Mr. Fryett, however, claims that Phalla Development had not upheld all of the deal.
Phalla Development “took money for land they represented they had rights to sell, but they did not complete on the terms of contract and actually slightly over represented the state of the [concession],” he said.
“However the fundamentals and overarching agreements to sell and transfer are sound,” he said.
Fraud office investigators, however, believe that Mr. Fryett continued collecting money from investors in the U.K. even when he knew his jatropha plantation scheme was doomed.
Far away from Svay Chek district and Sustainable Agro Energy’s failed jatropha plantation, Chantrey Vellacott DFK, an accounting firm based in London, is trying to refund U.K. investors in the pension scheme. The firm was appointed to the case by the fraud office.

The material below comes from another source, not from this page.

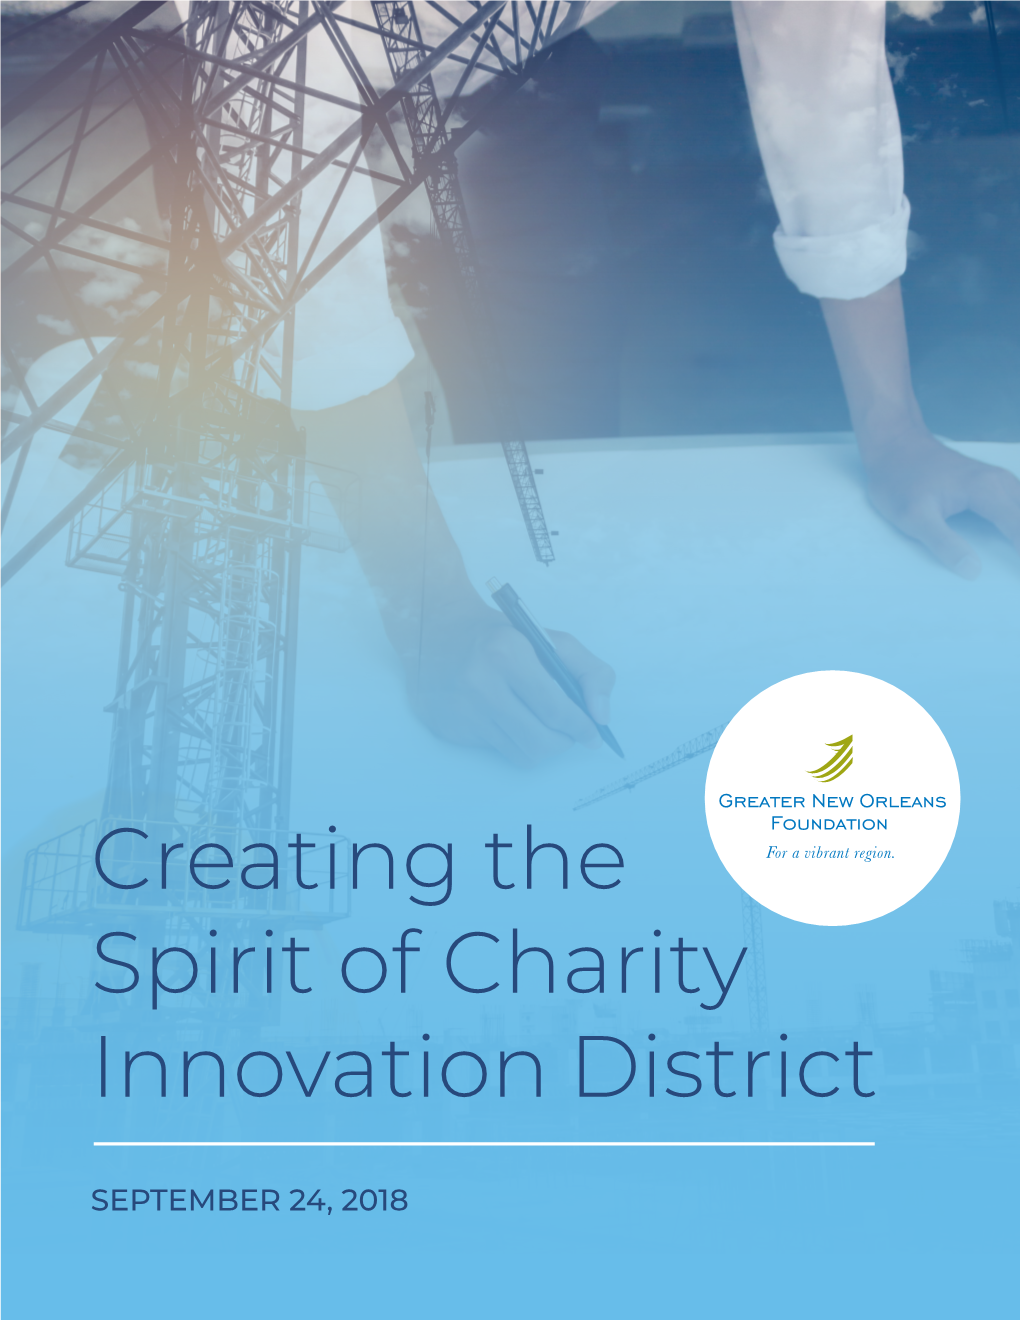 Creating the Spirit of Charity Innovation District

Adrian Hyde, an insolvency practitioner at Chantrey Vellacott, said in several interviews over the past month that Sustainable Agro Energy had sold to its investors the equivalent of about 8,000 hectares-worth of jatropha in Cambodia on the basis that crops would be planted immediately and profits would start being made.
While the company also has interests in Thailand and the Philippines for similar operations, Mr. Hyde said that between $54 and $62 million worth of investment in the Cambodian scheme had been identified by his firm so far, and that angry investors were still coming forward to register their complaints.
According to Mr. Ourm, fewer than 600 hectares of jatropha were ever planted by the company in Svay Chek and in other Cambodian sites where contract farmers were growing the trees for the company, and no biodiesel was ever produced.
Mr. Ourm also provided bank documents that show a total of $7 million has been spent in Cambodia by Mr. Fryett’s firm, while Mr. Fryett claimed he had spent more than $12 million.
Mr. Ourm “would not have seen all the payments through IGE which were for the Svay Chek plantation,” Mr. Fryett explained.